How Mouth Exercises Can Help Reduce Snoring
Snoring can place a strain on even the best of relationships. When a partner snores, it can make it difficult to sleep, with increasingly disrupted sleep resulting in daytime fatigue. People can become desperate for a good night’s sleep, to the extent they end up sleeping in separate rooms.
However, research has shown that mouth and throat exercises can help someone with a mild snore. The same exercises can also have a positive impact for someone with mild to moderate obstructive sleep apnea.
What Causes You to Snore?
When you sleep, the tissues of your airways and your tongue relax, with the space behind the tongue narrowing. As we breathe, the air moves over this relaxed tissue, generally without much of an audible sound. Snoring occurs when the tissues in the airways have become excessively floppy and they start to vibrate as the air flows over them.
Snoring is a major symptom of the sleep disorder obstructive sleep apnea. This disorder sees the upper airways narrow to the point where breathing is interrupted. As the airways narrow and the throat muscles relax the risk of snoring increases.
The Benefits of Mouth and Throat Exercises
The benefits of mouth and throat exercises are they can help improve the tone of the muscle tissues in your airways. Just as you would look to improve muscle strength elsewhere in the body through targeted exercises, you can apply the same logic to your throat. In this case though you will not need a pricey gym membership or any additional fitness equipment at home.
These mouth and throat exercises are often referred to as ‘myofunctional therapy’. They involve exercises which impact the different parts of the airways, including the tongue, the adenoids, the tonsils and soft palate. Studies have shown that employing mouth and throat exercises to tone the muscles in the throat can prevent the tissues from becoming excessively floppy when relaxed overnight.
Toned muscle tissues are less likely to vibrate when air passes over them and can reduce the noise and impact of a mild snorer. The studies have shown that these sorts of exercises can also help those with mild to moderate obstructive sleep apnea.
Types of Exercises
Two principal groups of exercises to assist you if you snore involve the tongue and facial muscles. Tongue exercises are designed to help strengthen the tongue as well as the soft palate and throat muscles. Examples include:
- The tongue slide – the tip of the tongue is placed on the back of the top row of the front teeth before sliding the tongue back against the roof of the mouth.
- The tongue stretch – the tongue is stuck out and then you try to touch your chin with your tongue while looking up at the ceiling, holding this position for 10 to 15 seconds.
- Tongue Pushups and Downs – the tongue is pressed against the roof of the mouth for the pushups, and against the lower teeth before pushing the back of the tongue down to the floor of the mouth for the push downs. Hold each position for 10 seconds.
These exercises can be performed in sets of 5 to 10 at a time.
Face exercises you can do include:
- Cheek hook – hook your finger to gently pull your cheek out before pulling your cheek back in using your facial muscles. Alternate between cheeks.
- Lip purse – Purse your lips so your mouth is tightly shut, before opening your mouth and relaxing your jaw and lips
These exercises also help improve muscle strength as well as jaw strength. Both can be performed 10 times on each occasion they are done.
Further Ways to Help Reduce Snoring
Singing or pronouncing the vowels can also help if you snore. By deliberately pronouncing different sounds when you sing -- or saying the vowels with increased emphasis as you move through them alphabetically -- you will exercise the different muscles in the throat.
Changing up the ways you pronounce the sounds or words can also be useful as part of the exercise.
Practicing breathing through the nostrils can also help stabilize the upper airways when you are asleep. As you inhale with the mouth closed, you block one nostril off with your knuckle and exhale through the other nostril. This can be done as a set of 10, alternating between the two nostrils.
How Often Should You Do Mouth and Throat Exercises?
It is important to remember that as with other muscle toning exercises results will not be immediate. However, studies suggest that those who persist with mouth and throat exercises should notice the benefits after around three months.

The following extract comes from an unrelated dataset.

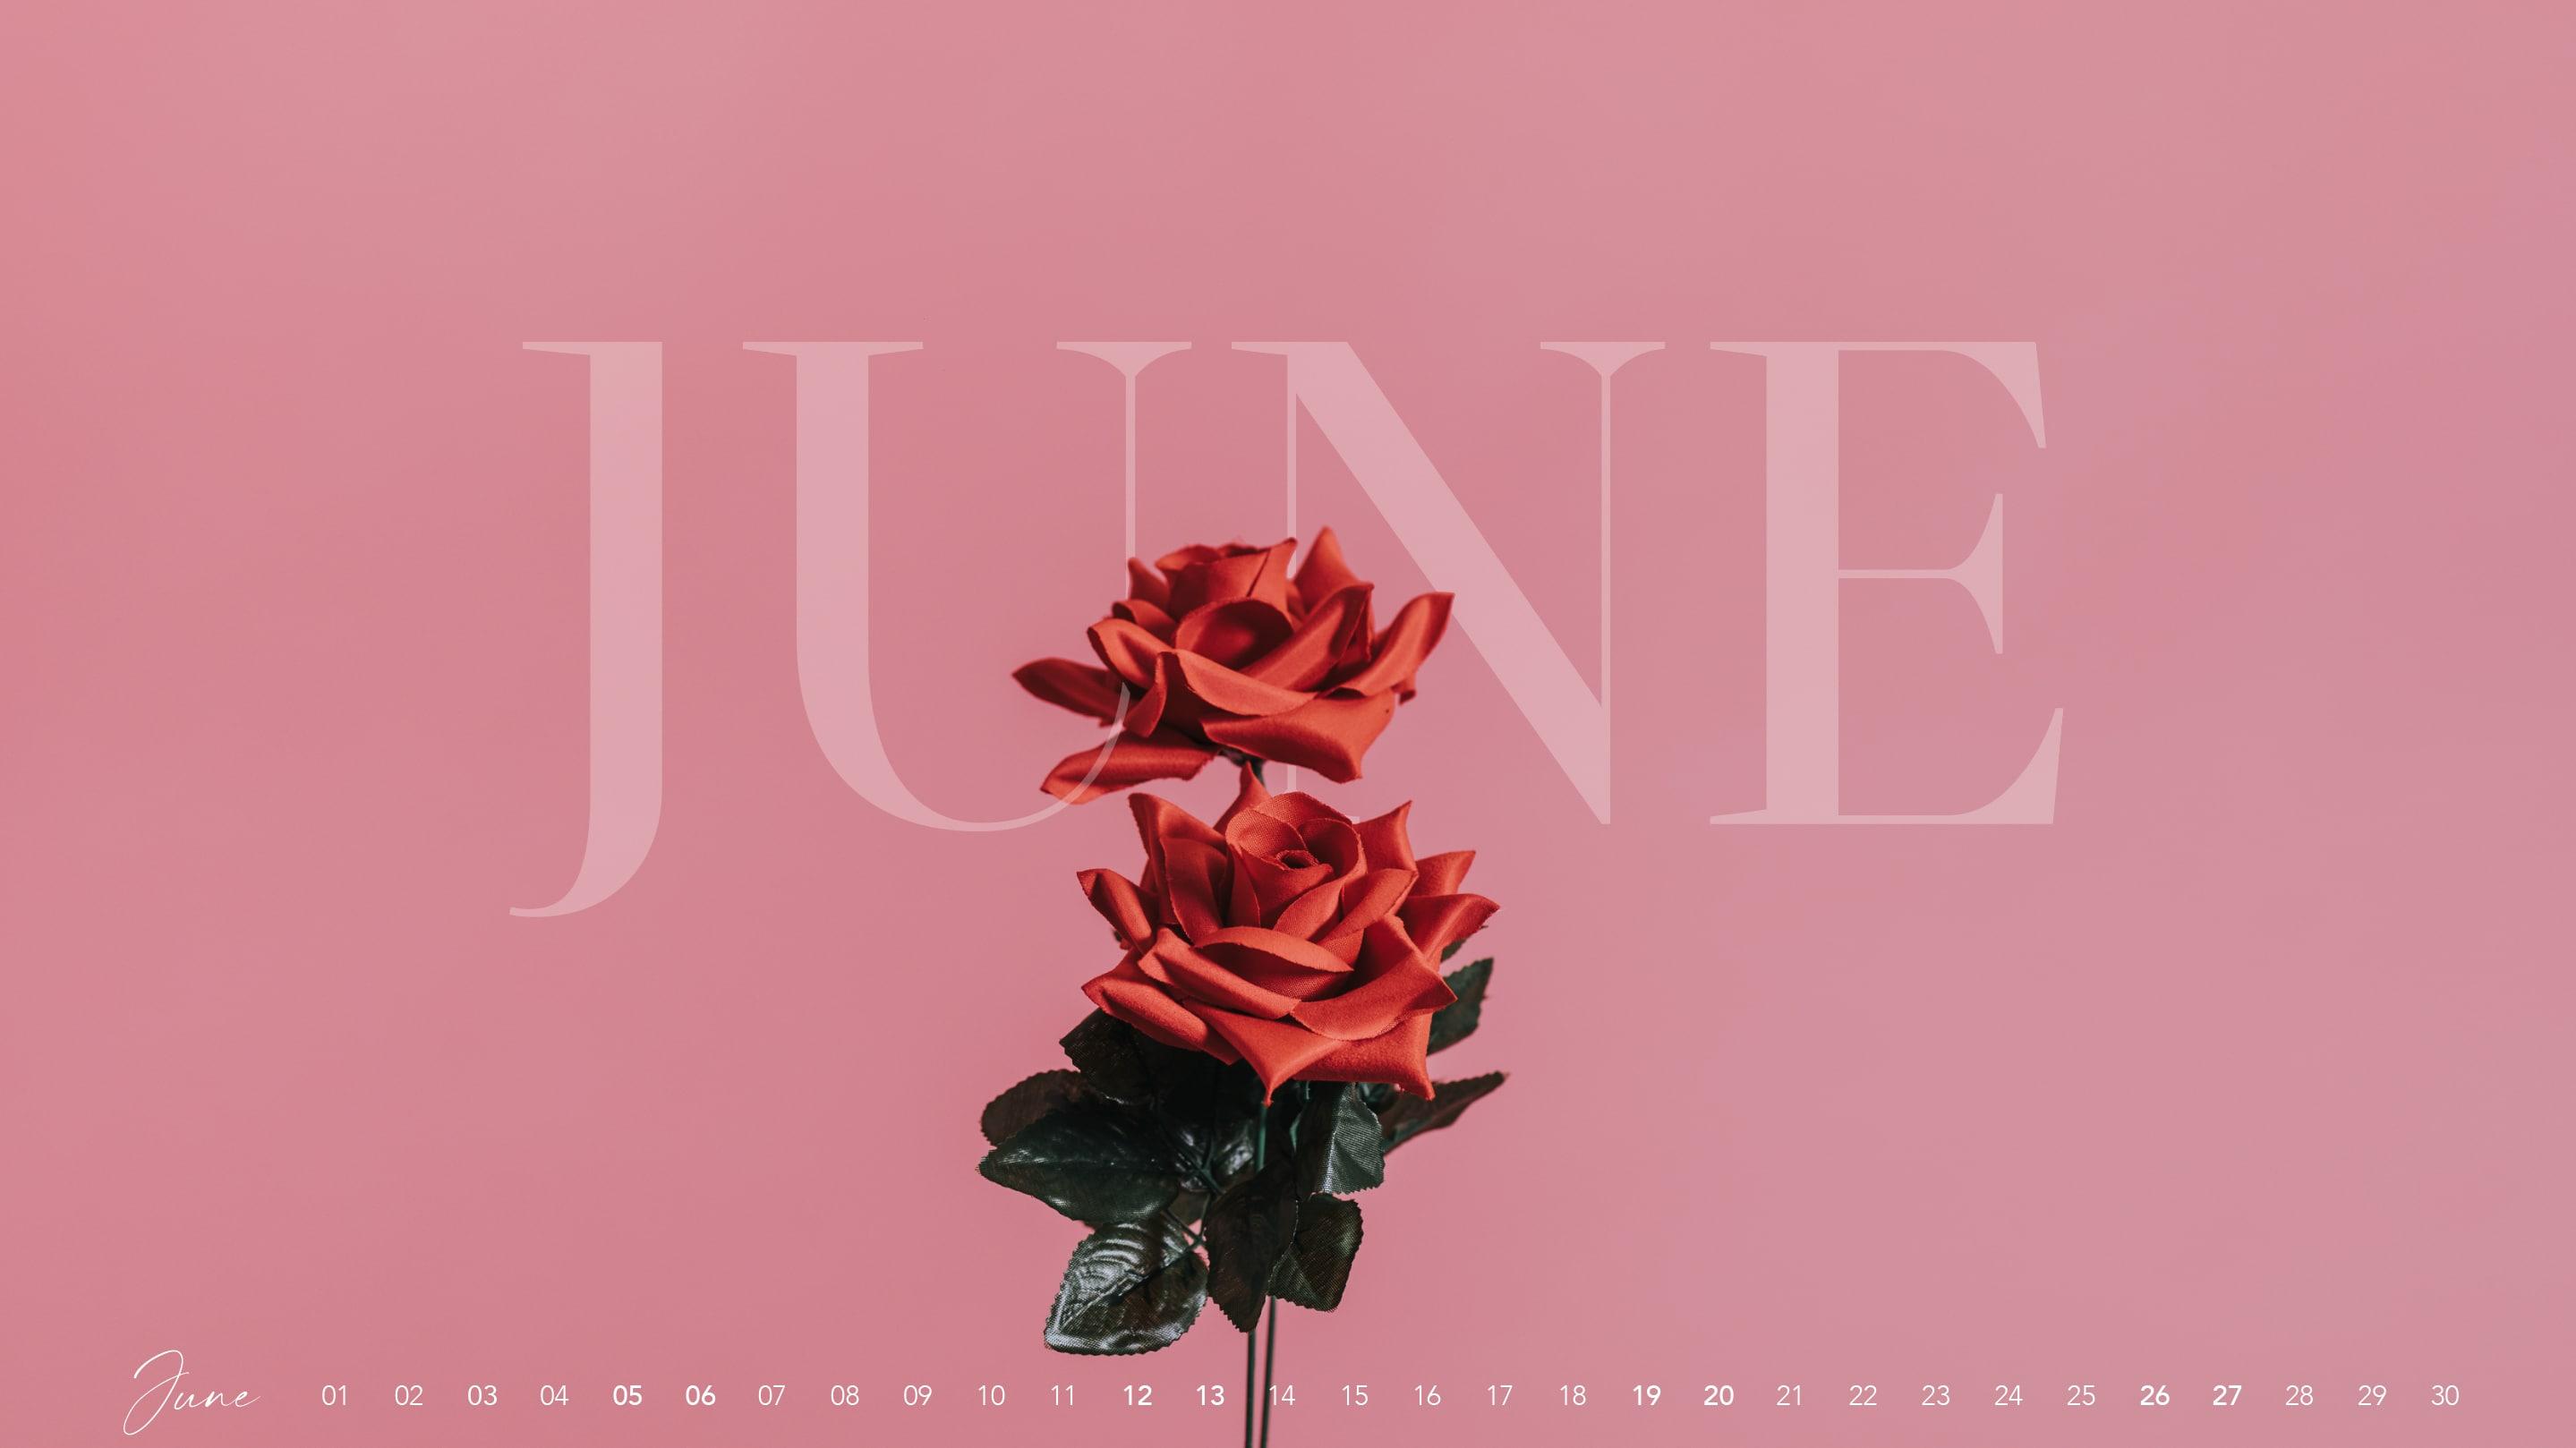 Juni-Wallpaper-2021-design-bildschirmhintergrund-rose

As a minimum/ you should be looking to exercise the mouth and throat for at least 10 minutes every day to reap the rewards. However, many people tend to perform the sets of exercises two to three times every day.
Can Everyone Benefit?
While many people who snore can look to benefit from mouth and throat exercises it is not a failsafe solution for everyone. The size and shape of a person’s tongue, throat or mouth could decrease the effectiveness of these type of exercises.
Alcohol and sedatives can also be the cause of snoring as they relax the muscles more, and such underlying reasons would need to be addressed before the exercises could have a true impact.
It is important to note that mouth and throat exercises should not be used in place of prescribed treatments. For those with obstructive sleep apnea these type of exercises have been seen to work best in conjunction with CPAP therapy.
Final Thoughts
Snoring can be a disruptive problem, and while mouth and throat exercises are not a complete solution, they can ease the level of disruption involved. They can also assist those with sleep apnea, although you should speak to your doctor for advice on the best exercises to use in conjunction with any other treatments you are currently prescribed.